- Your objective
Your answer should consist of the lines holding "Women", copied from the material below.

- Supplied data
☆ ☆ ☆

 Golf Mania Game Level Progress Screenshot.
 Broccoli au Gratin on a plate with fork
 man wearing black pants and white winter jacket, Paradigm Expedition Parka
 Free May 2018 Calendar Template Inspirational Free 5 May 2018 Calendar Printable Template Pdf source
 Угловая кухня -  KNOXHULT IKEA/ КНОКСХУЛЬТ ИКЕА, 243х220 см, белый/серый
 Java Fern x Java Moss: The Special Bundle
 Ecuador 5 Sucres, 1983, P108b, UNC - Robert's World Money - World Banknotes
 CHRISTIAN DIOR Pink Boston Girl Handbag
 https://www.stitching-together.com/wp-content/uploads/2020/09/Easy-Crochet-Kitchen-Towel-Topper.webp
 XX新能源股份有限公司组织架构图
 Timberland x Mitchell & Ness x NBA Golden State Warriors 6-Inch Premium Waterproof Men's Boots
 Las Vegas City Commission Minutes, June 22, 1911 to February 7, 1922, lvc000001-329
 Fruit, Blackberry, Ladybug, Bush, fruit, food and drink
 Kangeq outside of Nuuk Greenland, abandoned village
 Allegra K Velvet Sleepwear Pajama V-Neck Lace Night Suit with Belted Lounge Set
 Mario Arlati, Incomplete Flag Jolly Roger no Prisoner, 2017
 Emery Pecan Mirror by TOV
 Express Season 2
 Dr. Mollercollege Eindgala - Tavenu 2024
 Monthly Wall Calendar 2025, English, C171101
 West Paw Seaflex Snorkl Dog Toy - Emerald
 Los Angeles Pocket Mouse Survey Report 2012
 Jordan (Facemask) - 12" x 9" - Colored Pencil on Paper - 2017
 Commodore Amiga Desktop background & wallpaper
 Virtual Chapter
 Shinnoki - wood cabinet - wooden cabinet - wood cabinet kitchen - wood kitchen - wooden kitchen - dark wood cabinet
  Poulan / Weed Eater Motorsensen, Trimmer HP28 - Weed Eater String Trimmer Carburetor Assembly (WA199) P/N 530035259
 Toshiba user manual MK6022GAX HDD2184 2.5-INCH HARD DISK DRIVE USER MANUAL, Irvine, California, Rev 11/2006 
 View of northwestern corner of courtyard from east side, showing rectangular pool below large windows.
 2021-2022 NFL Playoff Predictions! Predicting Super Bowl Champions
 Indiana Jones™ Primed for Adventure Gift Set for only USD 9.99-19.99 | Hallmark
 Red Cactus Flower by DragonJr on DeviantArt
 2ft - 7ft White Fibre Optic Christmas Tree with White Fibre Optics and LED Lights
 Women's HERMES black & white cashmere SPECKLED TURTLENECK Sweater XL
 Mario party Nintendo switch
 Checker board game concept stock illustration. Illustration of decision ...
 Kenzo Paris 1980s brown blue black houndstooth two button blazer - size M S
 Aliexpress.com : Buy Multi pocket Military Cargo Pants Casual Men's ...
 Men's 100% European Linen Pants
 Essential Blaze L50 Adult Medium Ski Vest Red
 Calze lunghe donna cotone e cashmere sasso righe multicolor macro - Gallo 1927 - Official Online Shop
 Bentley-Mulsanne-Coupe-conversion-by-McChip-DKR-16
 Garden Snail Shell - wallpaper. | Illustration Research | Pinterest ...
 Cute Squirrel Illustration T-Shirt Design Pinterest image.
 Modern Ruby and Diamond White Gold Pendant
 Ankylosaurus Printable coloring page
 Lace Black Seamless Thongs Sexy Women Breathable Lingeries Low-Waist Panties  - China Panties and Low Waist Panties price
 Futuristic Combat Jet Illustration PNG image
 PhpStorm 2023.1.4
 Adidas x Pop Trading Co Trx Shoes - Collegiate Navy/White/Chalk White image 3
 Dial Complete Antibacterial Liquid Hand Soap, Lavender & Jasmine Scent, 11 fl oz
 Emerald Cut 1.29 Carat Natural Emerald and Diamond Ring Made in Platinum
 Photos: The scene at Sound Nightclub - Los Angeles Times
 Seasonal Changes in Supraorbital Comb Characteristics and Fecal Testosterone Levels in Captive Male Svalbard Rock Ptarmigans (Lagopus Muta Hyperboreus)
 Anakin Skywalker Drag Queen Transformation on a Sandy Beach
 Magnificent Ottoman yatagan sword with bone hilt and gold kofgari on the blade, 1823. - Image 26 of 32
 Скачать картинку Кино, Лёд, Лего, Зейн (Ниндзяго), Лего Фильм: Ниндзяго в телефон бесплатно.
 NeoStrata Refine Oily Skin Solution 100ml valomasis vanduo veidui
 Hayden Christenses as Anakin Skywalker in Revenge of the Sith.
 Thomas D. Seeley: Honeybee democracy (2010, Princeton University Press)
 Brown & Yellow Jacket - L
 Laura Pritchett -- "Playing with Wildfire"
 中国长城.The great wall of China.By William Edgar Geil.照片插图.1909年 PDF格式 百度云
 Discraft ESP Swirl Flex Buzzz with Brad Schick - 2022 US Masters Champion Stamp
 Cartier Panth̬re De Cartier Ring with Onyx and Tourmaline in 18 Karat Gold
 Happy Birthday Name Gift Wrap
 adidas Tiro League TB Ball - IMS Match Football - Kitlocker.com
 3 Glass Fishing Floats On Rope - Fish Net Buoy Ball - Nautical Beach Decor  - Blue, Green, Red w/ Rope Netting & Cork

☆ ☆ ☆

- Final answer
 Women's HERMES black & white cashmere SPECKLED TURTLENECK Sweater XL
 Lace Black Seamless Thongs Sexy Women Breathable Lingeries Low-Waist Panties  - China Panties and Low Waist Panties price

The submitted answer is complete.